Do you know the difference?

Knowing the difference between fair housing and unfair housing isn't as obvious as you might think. This blog aims to present a variety of important and interesting fair housing issues.

If you're an apartment professional, avoid costly mistakes by reading the stories of others who — even with good intentions — learned compliance lessons the hard way. (For the easy way, click here.)

If you live in an apartment, get familiar with your rights when it comes to housing discrimination, as well as your options for seeking justice.

Thursday, August 25, 2011

A Bronx Tale of Denial, Then Harrassment

Many apartment residents need to have a change made to a policy or practice as an accommodation for a disability. Owners must consider all such "reasonable accommodation" requests, then grant them if there's evidence that the resident has a qualifying disability under the Fair Housing Act (FHA) and needs the accommodation for that disability, and if the request is reasonable.

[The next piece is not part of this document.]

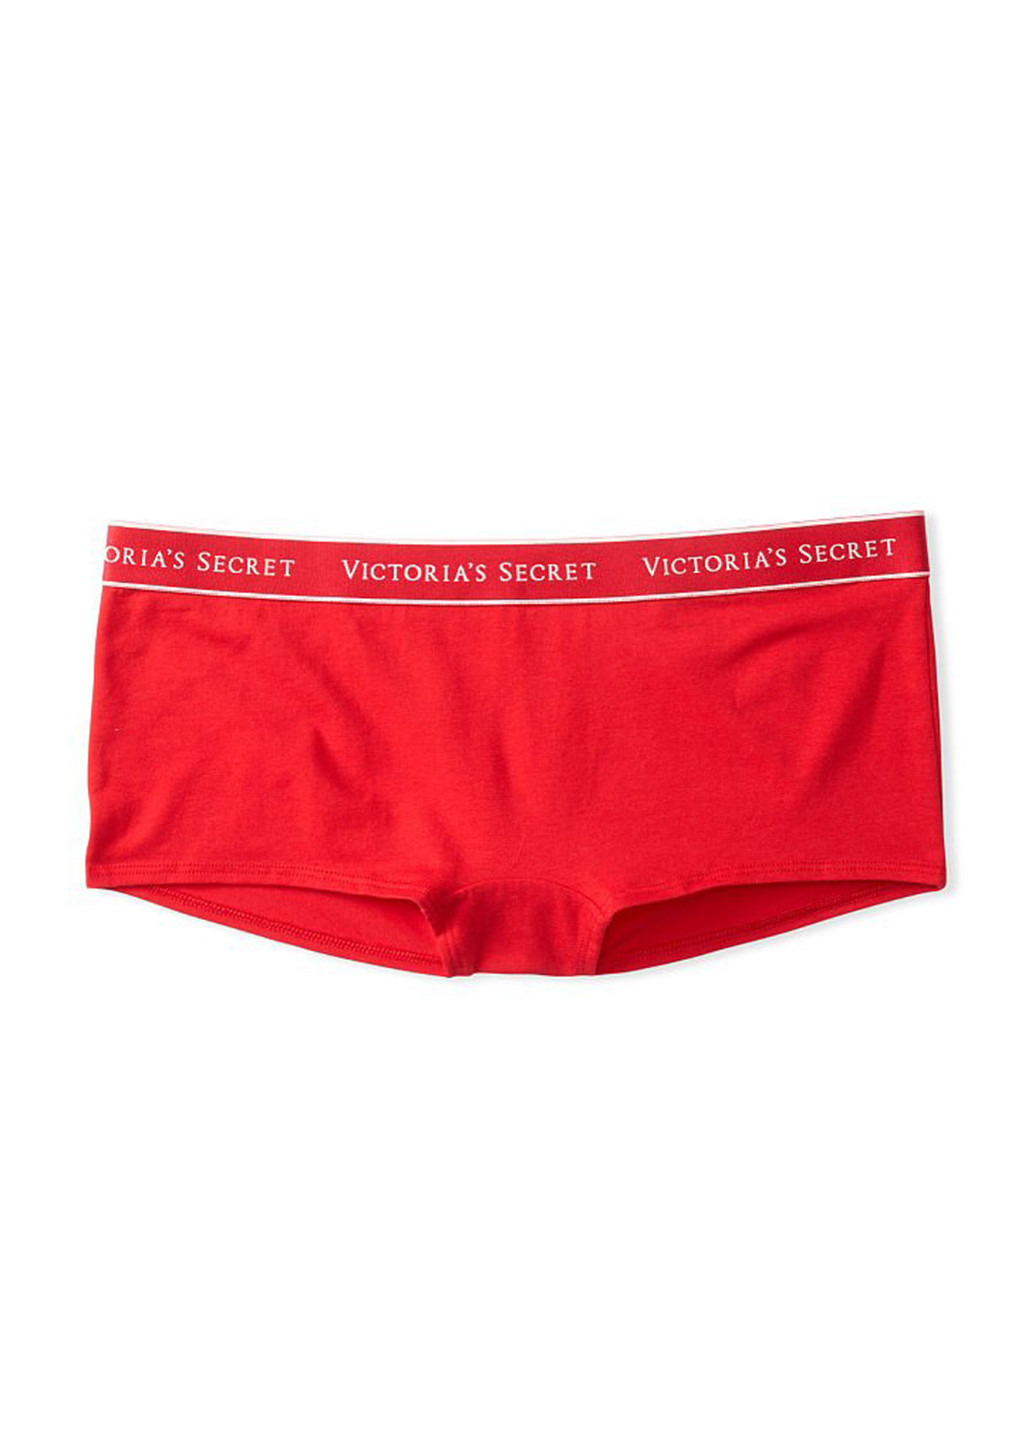 Трусики Victoria's Secret трусики-шорты надписи красные домашние трикотаж, хлопок

A new Charge brought by the U.S. Department of Housing and Urban Development (HUD) against a New York City cooperative claims that not only did the cooperative wrongfully deny a resident's request to keep an emotional support animal (despite a no-pets policy), but the cooperative harassed the resident because of it.

According to the Charge, the cooperative refused to accept the resident’s rent payments, threatened to suspend his garage privileges, and attempted to evict him from his apartment. In addition, the cooperative's security director allegedly didn't stop his officers from harassing the resident and his wife for keeping the service animal, even after the tenant specifically asked him to do so.

A HUD administrative law judge is expected to hear the case.

Interesting to note:
  • The cooperative, known as "Co-op City" and located in the Bronx, has 15,372 apartments in 35 high-rise buildings and seven townhouse clusters, housing roughly 50,000 low- and middle-income residents.

  • The cooperative appears to have been familiar with the FHA's requirement, having given the resident its own "Application for Reasonable Accommodation of Dog Application Form" to complete.